From what I've gathered on this forum the wiring for an engine swap is what intimidates people the most. Once most people get over wanting to bolt up that SR20 and realize what the best option really is...do I need to say it....the wiring remains a mystery to most and is scarey enough to keep people from taking on the project.

All of the engine related stuff is mechanical. Most competant wrench turners can put something mechanical together without too much headache. However, the wiring for the ECU scares the crap outa people. Very few of us have a sufficient background in electronics to approach this worry free. It's no simple task and boost's statement that it takes nine hours of work makes it sound that much more daunting.

I haven't done mine yet but I'm going to be cheating...in fact a fellow forum member...b12racer...is pulling a complete harness from a Pulsar for me as I type this. That is if he doesn't get too frustrated and rip it to pieces  BIG KUDOS to b12racer for offering to help me out!

I'll post what I can about my wiring on my webpage.

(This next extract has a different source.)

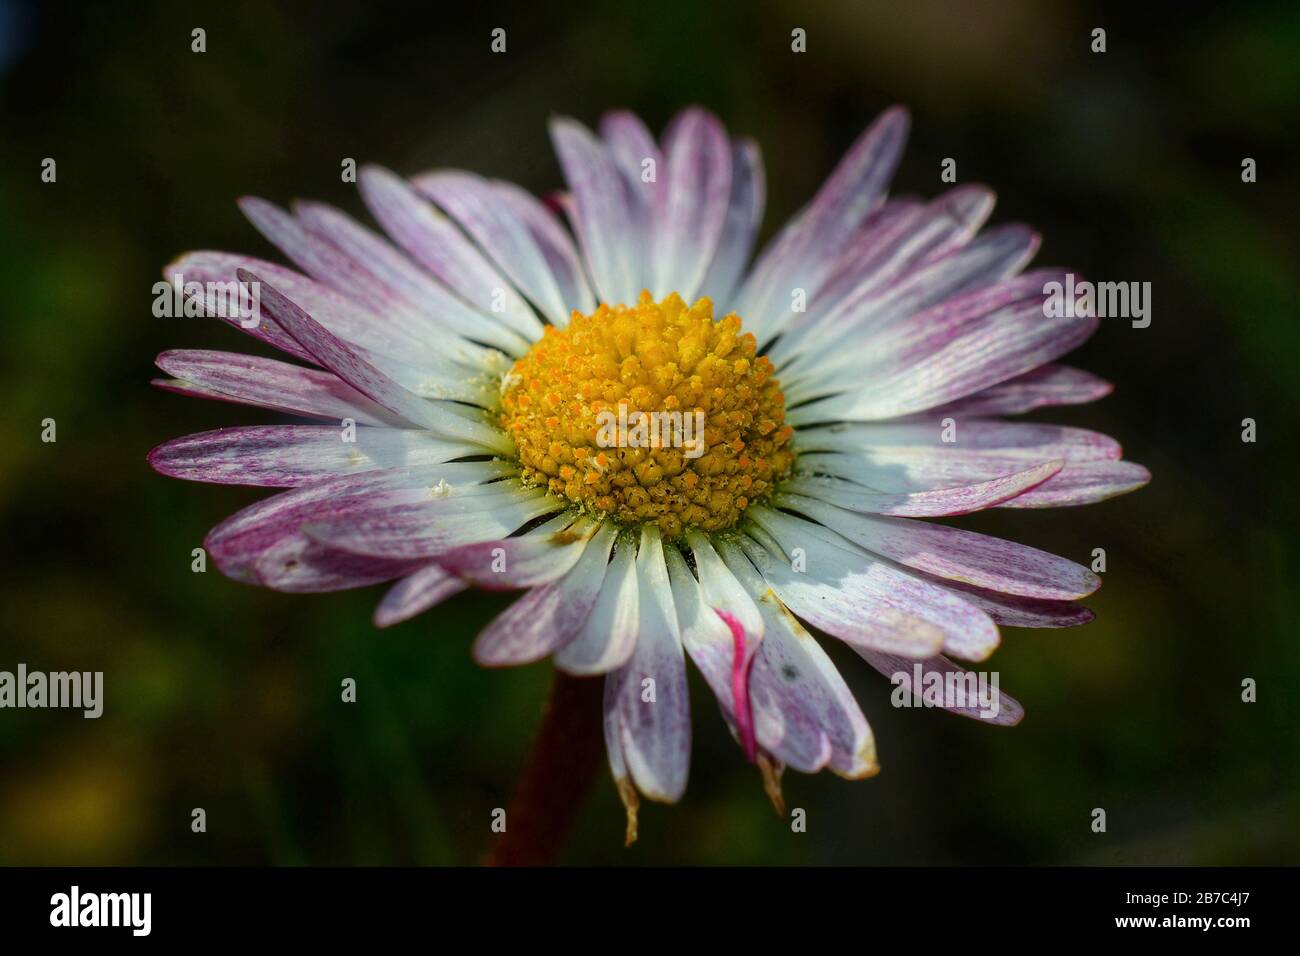 close-up of white and pink daisy flower with its yellow stamens in evidence Stock Photo
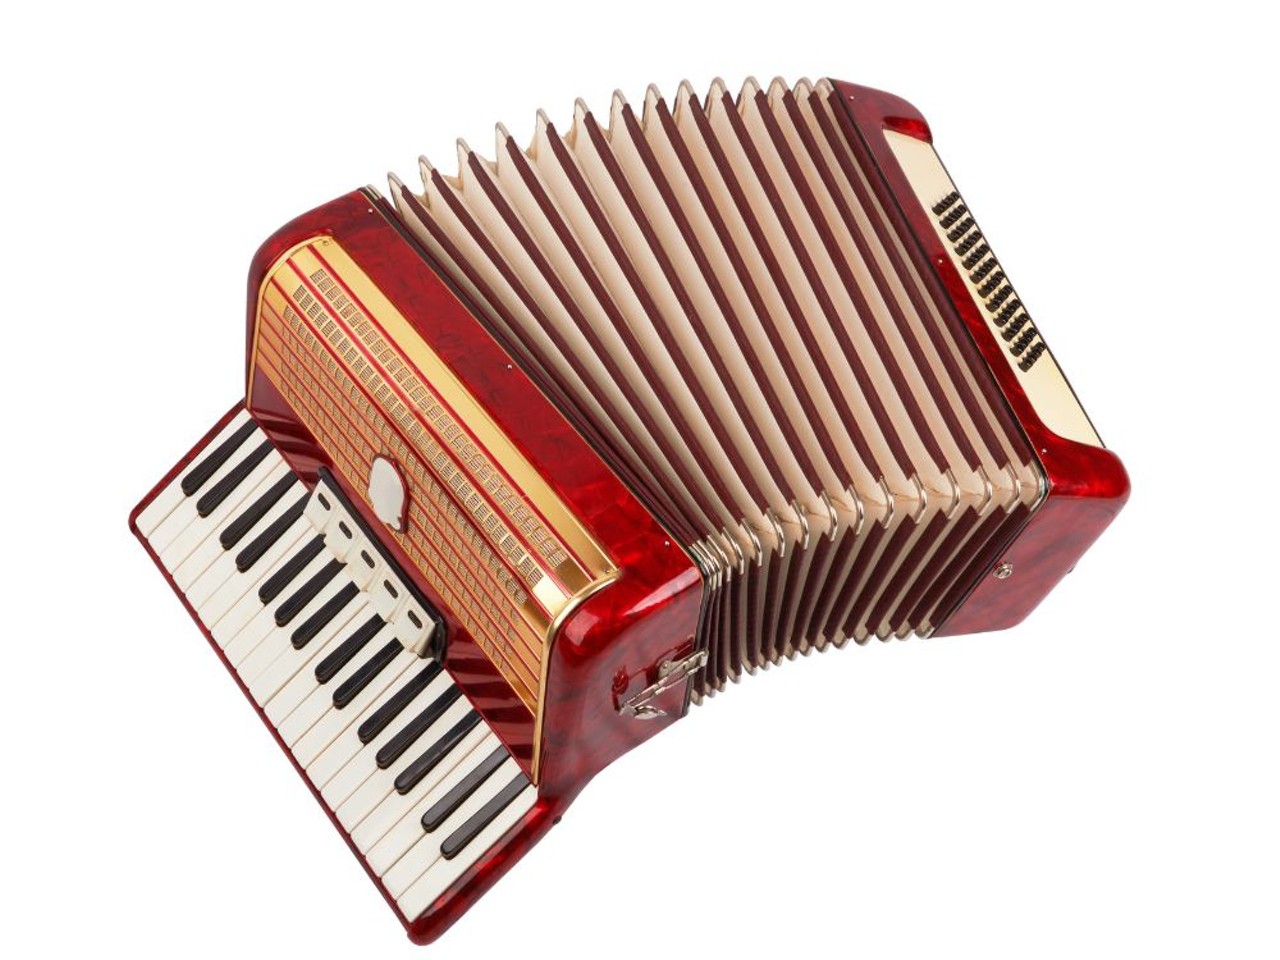 Accordions are annoying AF.

If anyone followed b12racer's trials and tribulations related to his cluster of a cluster you've got an Idea of what to expect.


----------



## WMengineering (Mar 11, 2003)

*wiring harness*

ok, they way i see it(going from expirence with hondas) if i am switching to a ca18de motor, i should get the ca18de wirring harness and ecu...correct? rather than trying to adopt the ecu, and harness from my ga16i(i beleive this is what it says in the manual). this is what seems logical to me, tell me what im missing if anything. the cars are both pre obd-1, they both have simialiar (if not exact) pollution controls..(although i DO need to double check this)
now things like wirring the dash, and all that jazz...yea that IS out of my leage...for now!(hehe)


----------



## Mervic (May 1, 2002)

Yes, you have to get the harness and ECU from the donor car or a Pulsar SE. CA18DE - MFI while GA16i - TBI. CA18DE also uses coilpack and power transistor rather than a distributor like the GA16i.


----------



## WMengineering (Mar 11, 2003)

ok got it thanks that helps.


----------



## boost_boy (May 25, 2002)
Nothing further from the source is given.